Here are some common techniques used to handle missing data, along with examples in Python:

####  Removing Missing Values

In [1]:
import pandas as pd

# Sample DataFrame
df = pd.DataFrame({
    'A': [1, 2, None, 4],
    'B': [None, 2, 3, 4]
})

# Drop rows with any missing values
df_dropped = df.dropna()
print(df_dropped)


     A    B
1  2.0  2.0
3  4.0  4.0


In [2]:
# Drop columns with any missing values
df_dropped_columns = df.dropna(axis=1)
print(df_dropped_columns)

Empty DataFrame
Columns: []
Index: [0, 1, 2, 3]


In [3]:
## Imputation with Mean/Median/Mode

In [5]:
from sklearn.impute import SimpleImputer

# Impute missing values with the mean
imputer = SimpleImputer(strategy='mean')
df_imputed = pd.DataFrame(imputer.fit_transform(df), columns=df.columns)

In [6]:
df_imputed

Unnamed: 0,A,B
0,1.0,3.0
1,2.0,2.0
2,2.333333,3.0
3,4.0,4.0


In [7]:
# Impute missing values with the median
imputer = SimpleImputer(strategy='median')
df_imputed_median = pd.DataFrame(imputer.fit_transform(df), columns=df.columns)

In [8]:
df_imputed_median

Unnamed: 0,A,B
0,1.0,3.0
1,2.0,2.0
2,2.0,3.0
3,4.0,4.0


In [9]:
# Impute missing values with the mode
imputer = SimpleImputer(strategy='most_frequent')
df_imputed_mode = pd.DataFrame(imputer.fit_transform(df), columns=df.columns)

In [10]:
df_imputed_mode

Unnamed: 0,A,B
0,1.0,2.0
1,2.0,2.0
2,1.0,3.0
3,4.0,4.0


In [11]:
## Imputation with Forward Fill/Backward Fill

In [13]:
# Forward fill missing values
df_filled = df.fillna(method='ffill')

In [14]:
df_filled

Unnamed: 0,A,B
0,1.0,
1,2.0,2.0
2,2.0,3.0
3,4.0,4.0


In [16]:
# Backward fill missing values
df_filled_bfill = df.fillna(method='bfill')

In [17]:
df_filled_bfill

Unnamed: 0,A,B
0,1.0,2.0
1,2.0,2.0
2,4.0,3.0
3,4.0,4.0


### Q3: Explain the imbalanced data. What will happen if imbalanced data is not handled?

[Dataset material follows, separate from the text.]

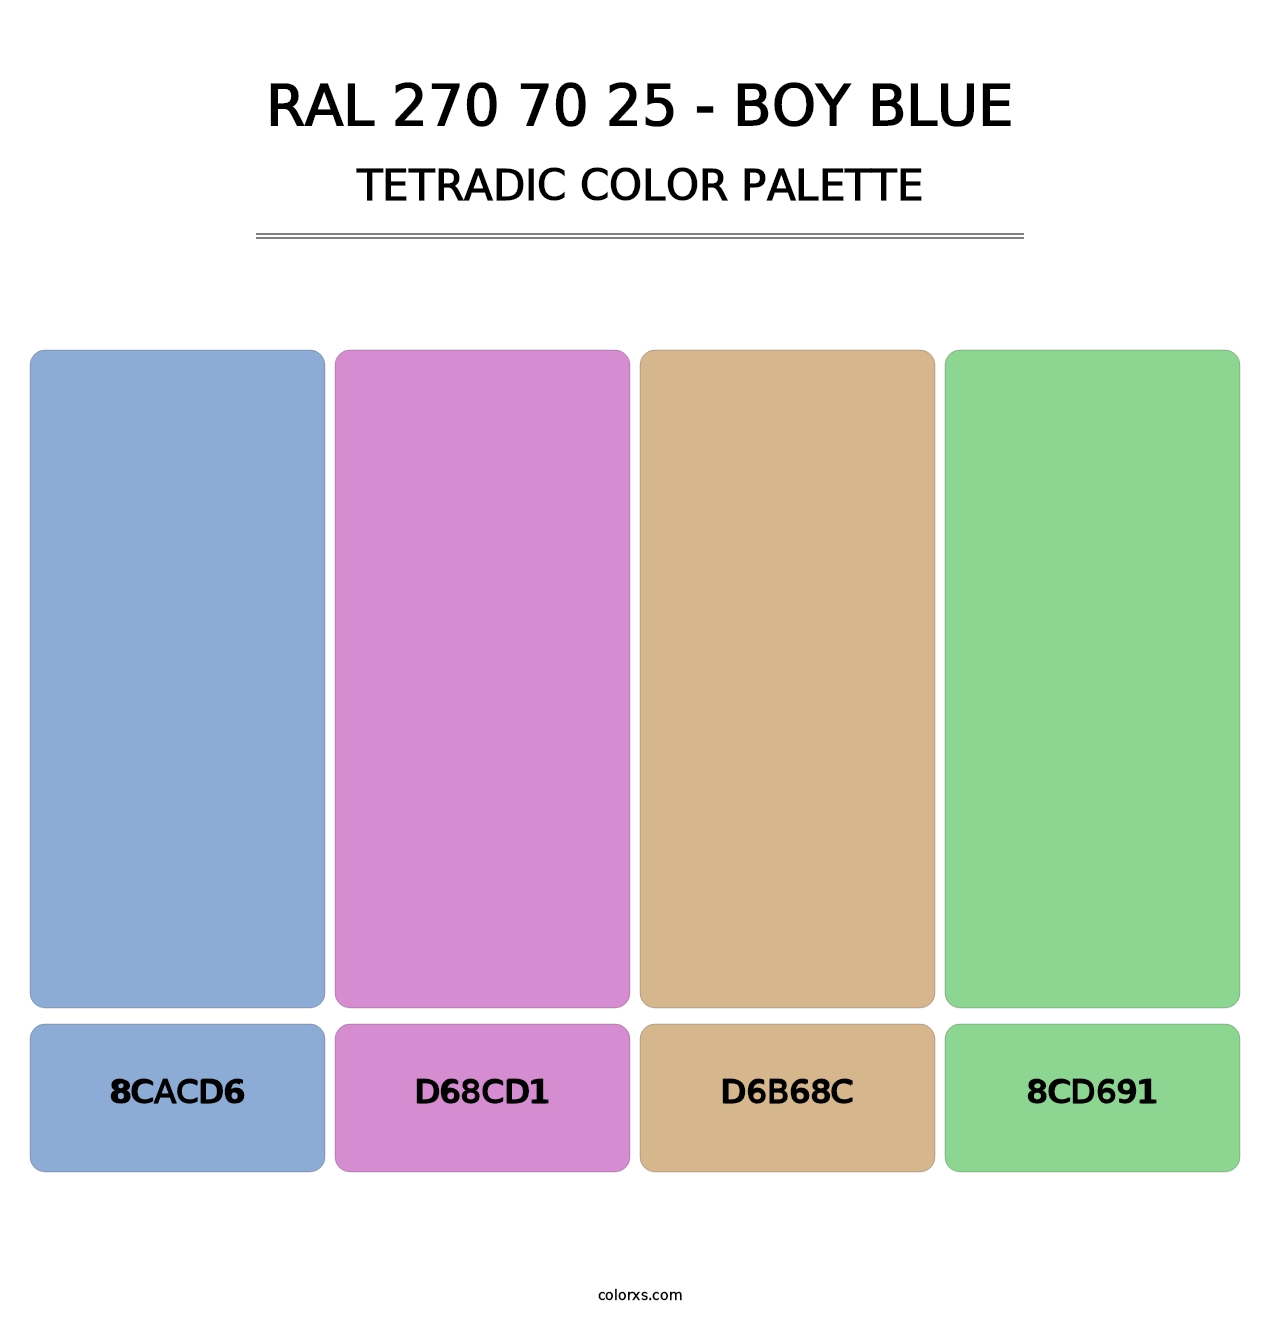 RAL 270 70 25 - Boy Blue - Tetradic Color Palette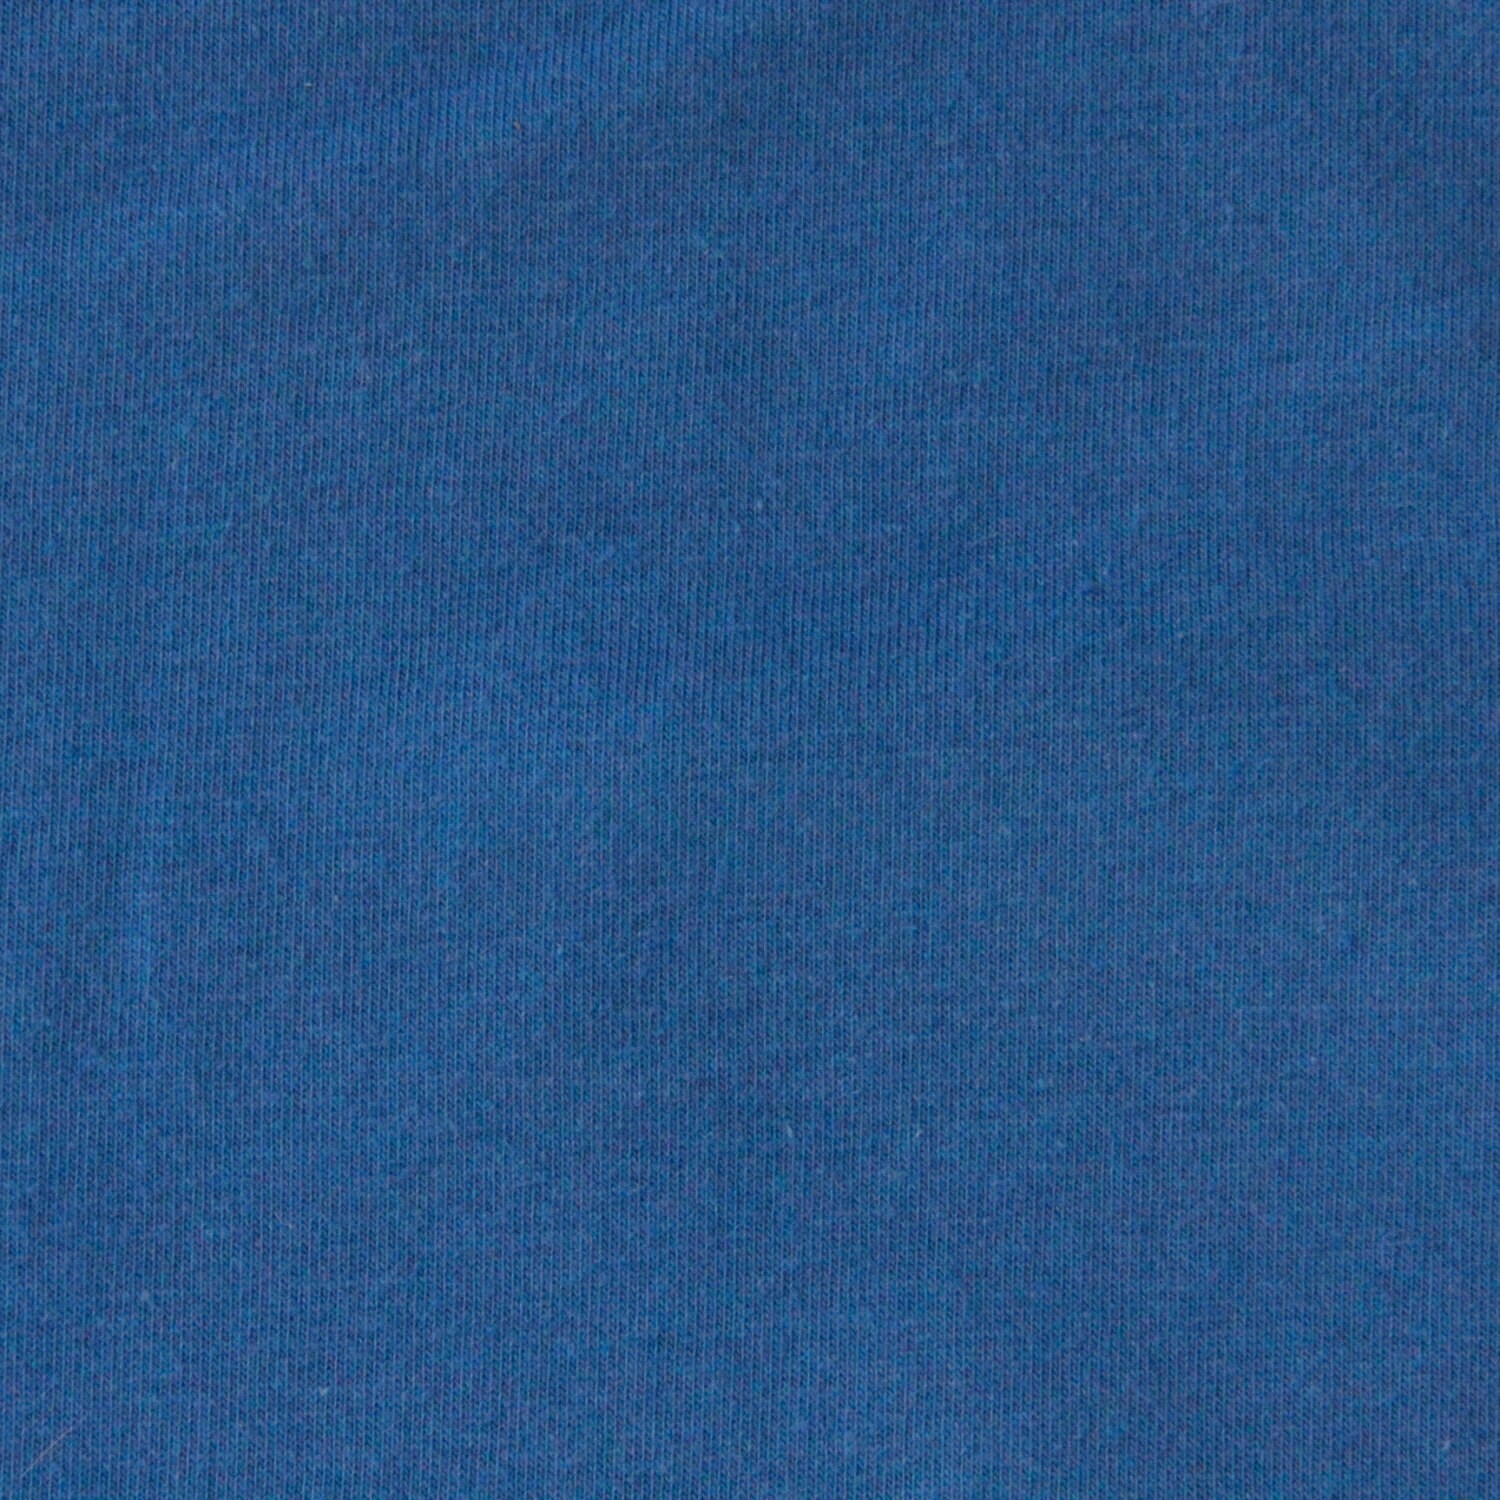 SALE Knit fabric royal blue knit fabric cotton knit

Dataset where we will be having more number of positive class datapoints as compared to negative class. For example 900 datapoints in positive class and 100 datapoints in negative class

Problem- Model will get biased towards positive class as it will see more data for positive class

### Q4: What are Up-sampling and Down-sampling? Explain with an example when up-sampling and down-sampling are required.

Upsampling Techniques are the techniques where we create some artificial datapoints for the minority class. Here we use resampling technique from sk learn. It create new datapoints for the minority class

DownSampling techniques are the techniques where we remove datapoints from the majority class. So that no of datapoints are equal in both upsampling and downsampling techniques.

We majorly prefer upsampling as we loose lot of data in down sampling techniques

technique used for Upsampling- SMOTE

### Q5: What is data Augmentation? Explain SMOTE.

Data augmentation is a technique used to increase the diversity and quantity of training data without actually collecting new data.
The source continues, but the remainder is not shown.